Both countries deny accusations of weapons transfers, which would violate multiple UN Security Council sanctions that Russia previously endorsed.

Meanwhile, Russia is important to Vietnam for two reasons, Mr Giang said: It is the biggest supplier of military equipment to the Southeast Asian nation, and Russian oil exploration technologies help maintain its sovereignty claims in the contested South China Sea.

“Russia is signalling that it is not isolated in Asia despite the Ukraine war, and Vietnam is reinforcing a key traditional relationship even as it also diversifies ties with newer partners,” said Prashanth Parameswaran, a fellow with the Wilson Center’s Asia Programme.
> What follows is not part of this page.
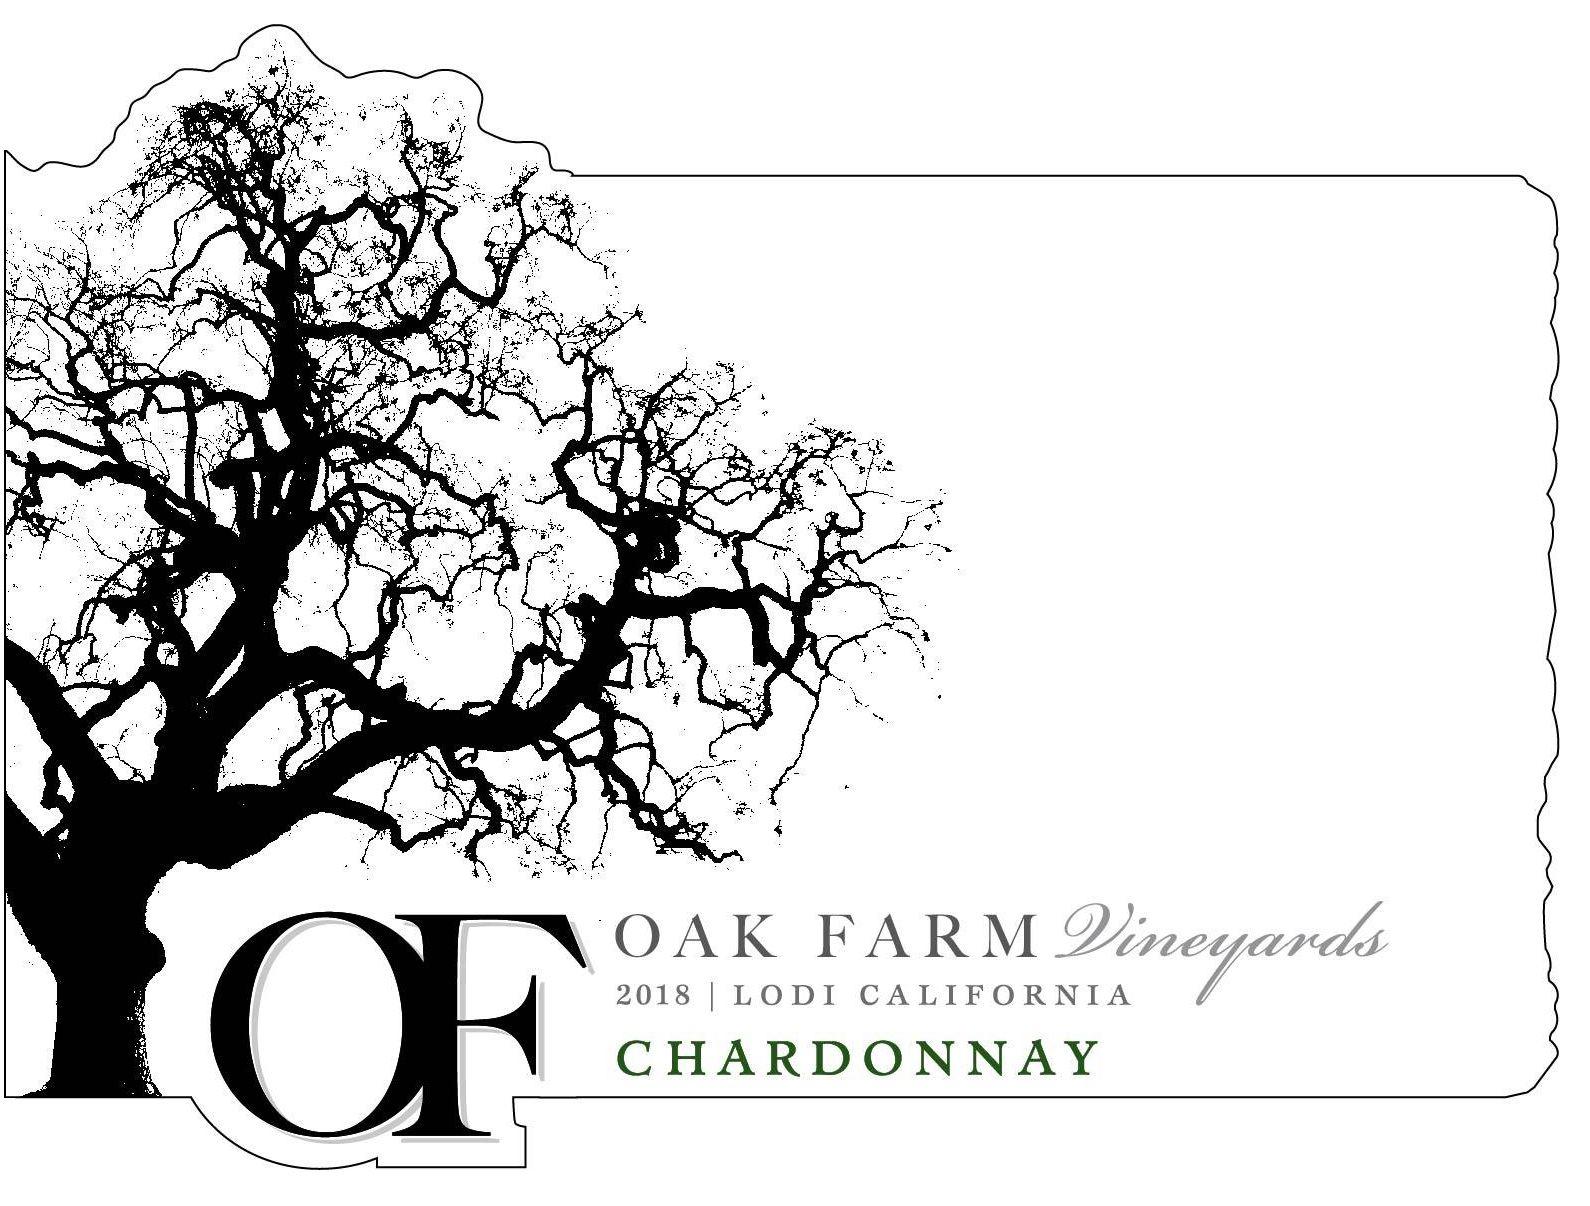 Oak Farm Chardonnay 2018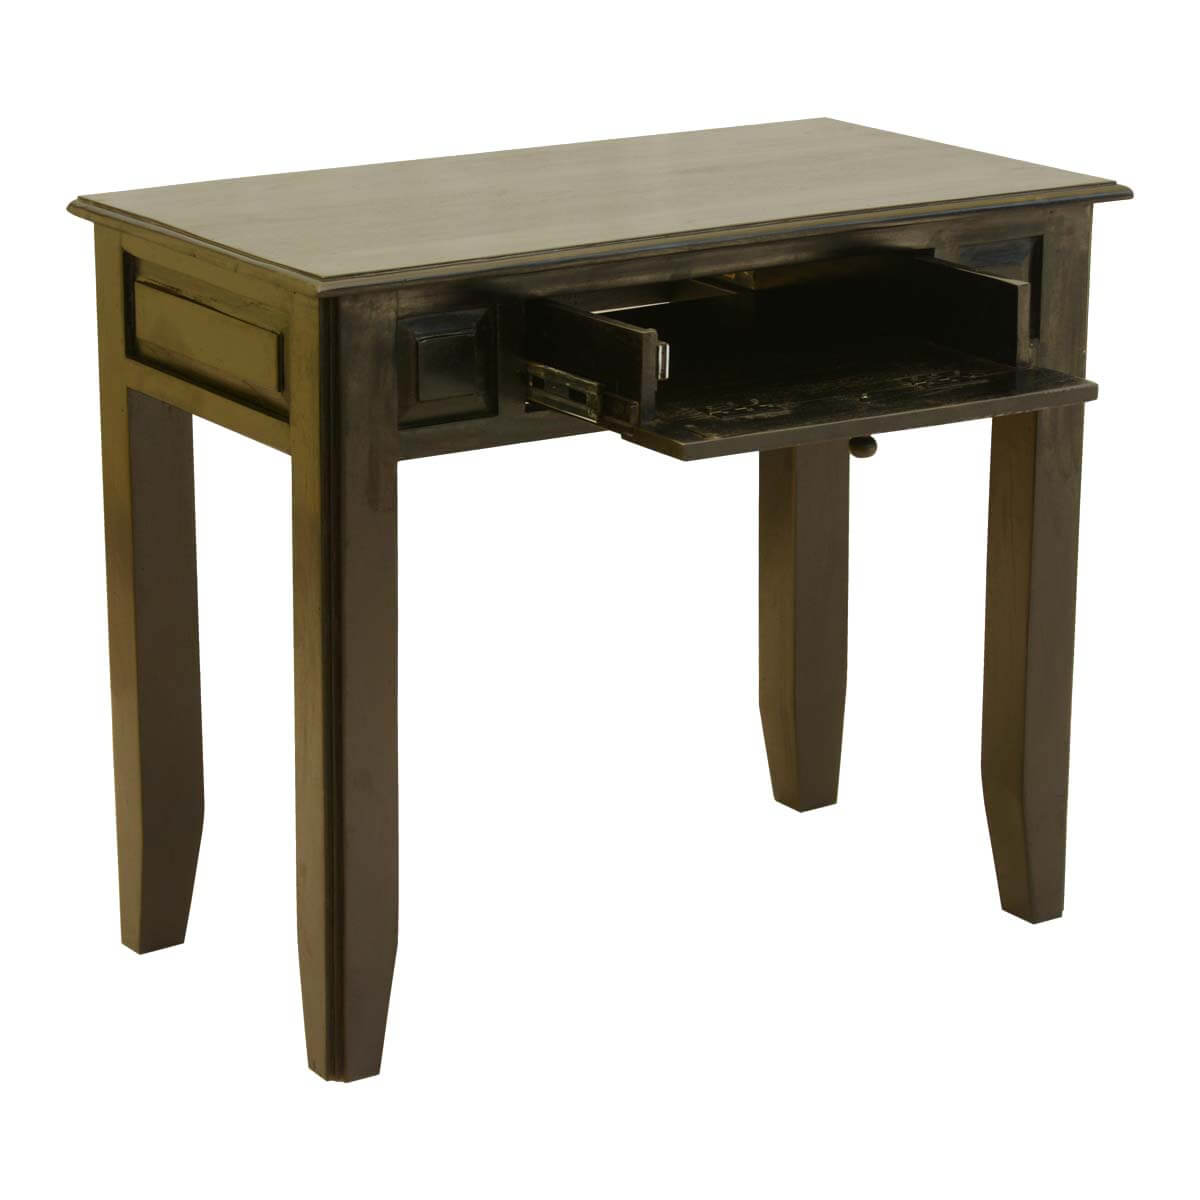 Beau Colonial Mango Wood Console Table Desk W Drawer

Hanoi and Moscow have had diplomatic relations since 1950, and this year marks 30 years of a treaty establishing “friendly relations” between Vietnam and Russia.

Evidence of this long relationship and its influence can be seen in Vietnamese cities like the capital, where the many Soviet-style apartment blocks are now dwarfed by skyscrapers and a statue of Vladimir Lenin, the founder of the Soviet Union, stands in a park where children skateboard every evening.

Many of the Communist Party’s top leadership in Vietnam studied in Soviet universities, including party chief Mr Trong.

In an article written for Nhan Dan, the official newspaper of Vietnam’s Communist Party, Putin vowed to deepen the ties between Moscow and Hanoi and hailed Vietnam as a “strong supporter of a fair world order based on international law, on the principles of equality of all states and non-interference in their domestic affairs”.

He also thanked “Vietnamese friends for their balanced position on the Ukrainian crisis,” in the article released by the Kremlin.

A manufacturing powerhouse and an increasingly important player in global supply chains, Vietnam played host to both US president Joe Biden and the leader of rival China, Xi Jinping, in 2023.

Vietnam has remained neutral on Russia’s invasion of Ukraine. But neutrality is getting trickier, with the US embassy in Hanoi criticising Mr Putin’s visit, saying that “no country should give Putin a platform to promote his war of aggression and otherwise allow him to normalise his atrocities”.

If Mr Putin is allowed to travel freely it “could normalise Russia’s blatant violations of international law,” the statement said.